America’s problems with math are multigenerational

Clive Thompson
5 min readOct 28, 2022
Photo by Dan Cristian Pădureț on Unsplash

Last week we got bad news about how COVID affected children in school. The results came out for the latest National Assessment of Educational Progress — a standardized test given to fourth and eighth graders, of both math and reading. The federal government has been doing this test since the 1990s; it’s sometimes called “the nation’s report card”.

The new report card wasn’t great. Reading scores declined in about half the states; none showed a significant improvement.

But math was the real nightmare. Under COVID, kids really collapsed in math. As Sarah Mervosh and Ashley Wu wrote in the New York Times …

… math scores for eighth graders fell in nearly every state. A meager 26 percent of eighth graders were proficient, down from 34 percent in 2019.

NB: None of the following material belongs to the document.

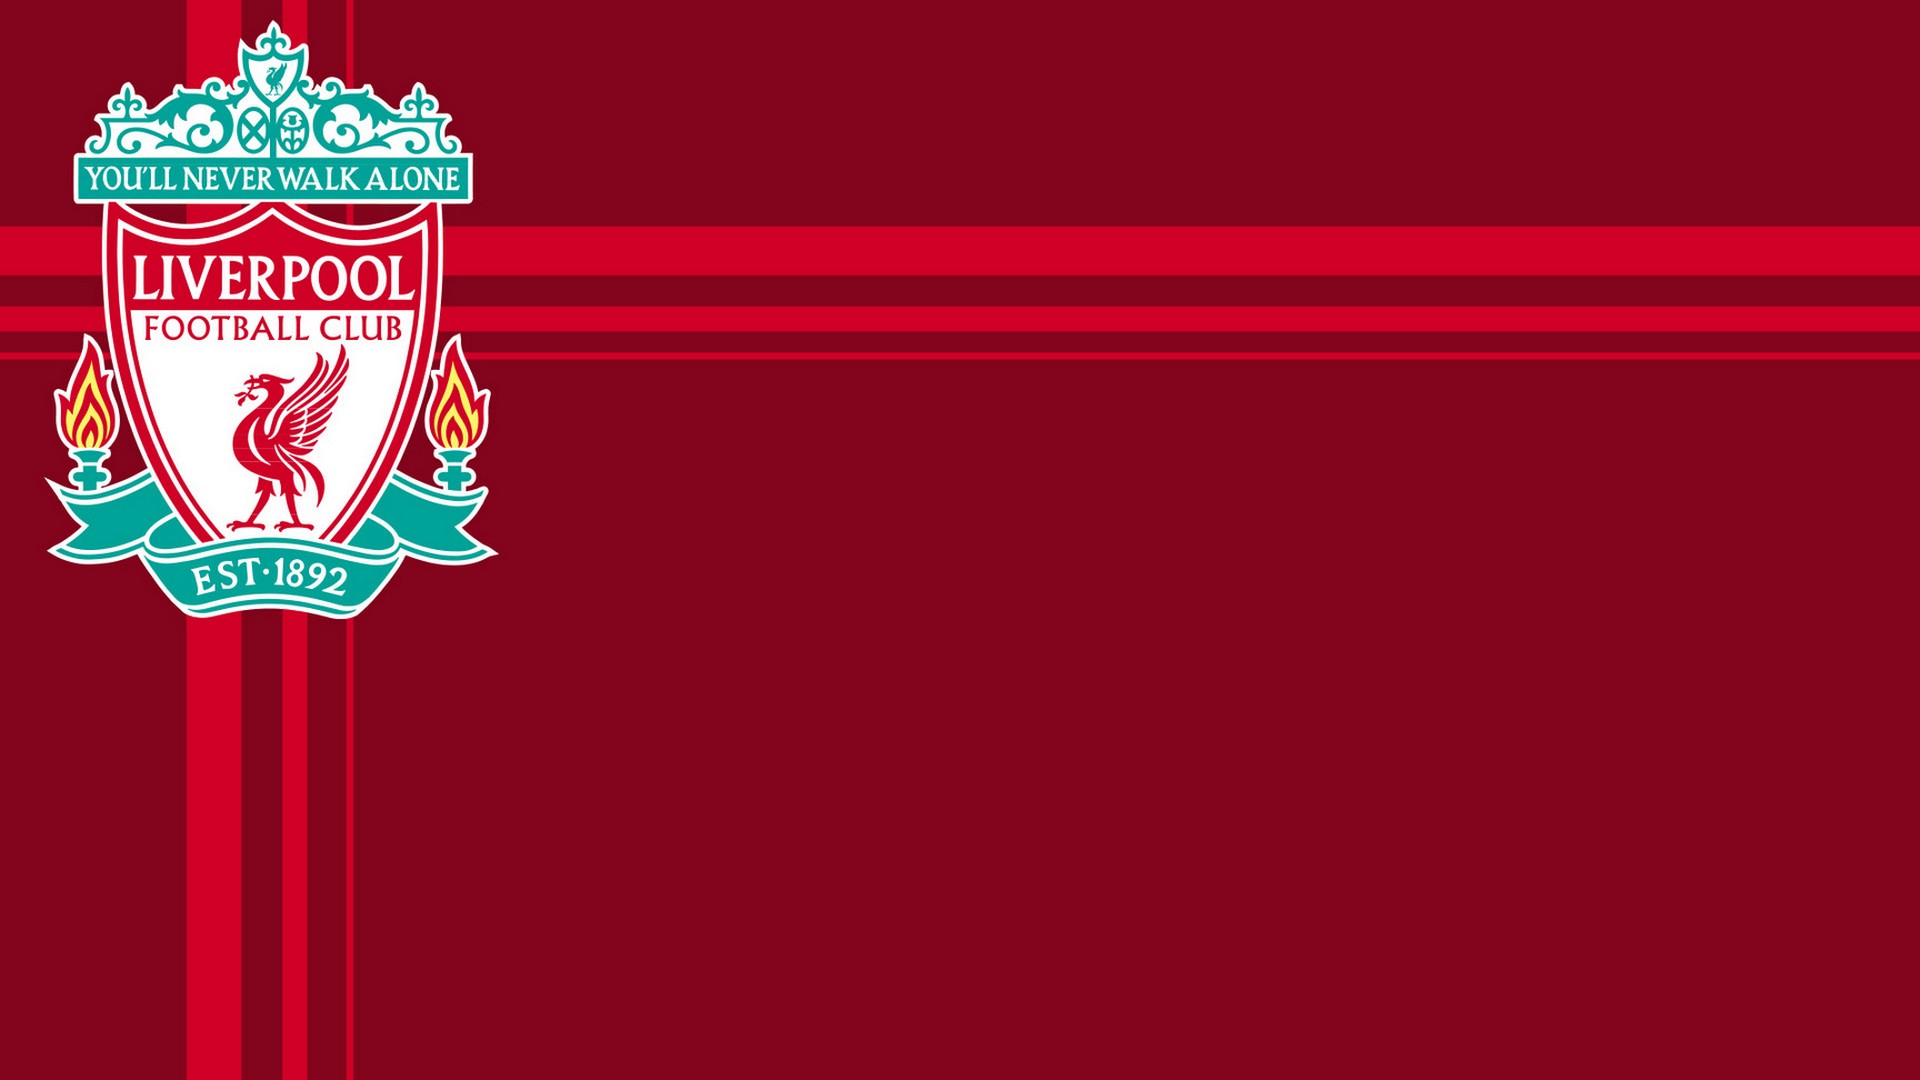 Wallpaper Desktop Liverpool HD With Resolution 1920X1080 pixel. You can make this wallpaper for your Mac or Windows Desktop Background, iPhone, Android or Tablet and another Smartphone device for free

Fourth graders fared only slightly better, with declines in 41 states. Just 36 percent of fourth graders were proficient in math, down from 41 percent. [snip]

In eighth-grade math, the average score fell in all but one state. Seventeen states and the District of Columbia experienced double-digit drops, including higher-performing states like Massachusetts and New Jersey, and lower-performing states like Oklahoma and New Mexico. Utah was the only state where the eighth-grade math declines were not deemed statistically significant.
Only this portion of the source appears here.